Ex Member of the House of Assembly of the British Virgin Islands for the Sixth District
- Incumbent
- Assumed office 9 November 2011
- Preceded by: Omar Hodge

Personal details
- Born: June 5, 1960 (age 65)
- Party: National Democratic Party (2011–2020) Virgin Islands Party (2020–present)

= Alvera Maduro-Caines =

British Virgin Islands politician

Alvera Maduro-Caines is a British Virgin Islands politician. She is a ex member of the House of Assembly of the British Virgin Islands for the Sixth District, a position that she has held since the 2011 general election. She was originally elected as a representative of the National Democratic Party but in 2020, she crossed the floor to join the Virgin Islands Party.
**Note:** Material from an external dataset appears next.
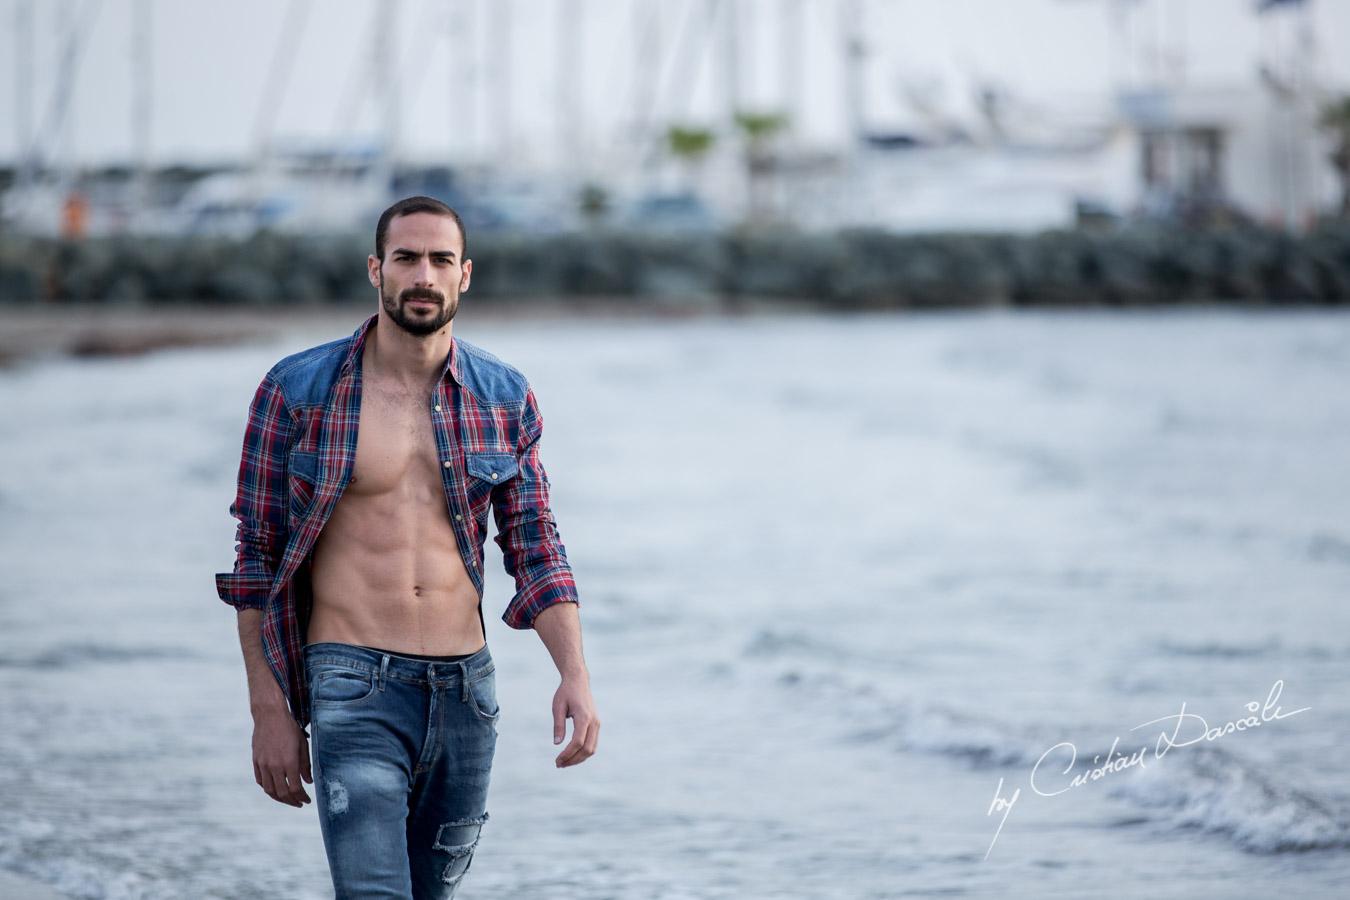 Model Photo-shoot at Saint Raphael Beach - 11

She is the current Junior Minister for Culture and Tourism.

== Early life ==
She attended BVI High School in Tortola from 1971 to 1976, and the Gary Training Center in Texas from 1977 to 1979. She began her career in 1979 as a registry clerk for the Government of the British Virgin Islands before joining Devcon International as an accounts clerk in 1980. She was an officer manager and human resources officer for the British Virgin Islands Philatelic Bureau for a year, before joining Citco B.V.I. Limited as a system operator, legal secretary, office manager and supervisor of operations. From 2004 to 2011, she was assistant post mistress for the Government of the British Virgin Islands.

== Political career ==
Maduro-Caines was first elected to the House of Assembly of the British Virgin Islands in the 2011 general election. She ran on a promise to establish a trade school for young people in the district and improving the physical infrastructure. Her opponent, Omar Hodge, referred to her as "the lady with the bag". She was a representative for the Sixth District and served primarily as a backbencher for the National Democratic Party (NDP), although she briefly held the position of Junior Minister of Trade, Investment Promotion and Consumer Affairs. The NDP lost in the 2019 general election, allowing the Virgin Islands Party (VIP) to take the majority, although Maduro-Caines retained her seat.

On 20 January 2020, Maduro-Caines "crossed the floor" to join Premier Andrew Fahie as a member of the VIP. This increased the party's majority to nine and its number of female members to three. During the debate on constitutional review on 27 June 2020, she advocated for the constitution to define marriage to prevent the legalisation of same-sex marriage. She served as the acting Minister for Education, Culture, Youth Affairs, Fisheries and Agriculture from 27 February 2022 to 4 March 2022 while Natalio Wheatley was attending a CARICOM summit. On 5 May 2022, as part of the swearing in of the new Unity Government, Maduro-Caines was appointed as the Junior Minister for Tourism. Her portfolio was expanded on 27 October 2022 to include culture and Maduro-Caines became the Junior Minister of Culture and Tourism.

== Personal life ==
She is married to Emmett Caines until his death in 2022 and they have two children.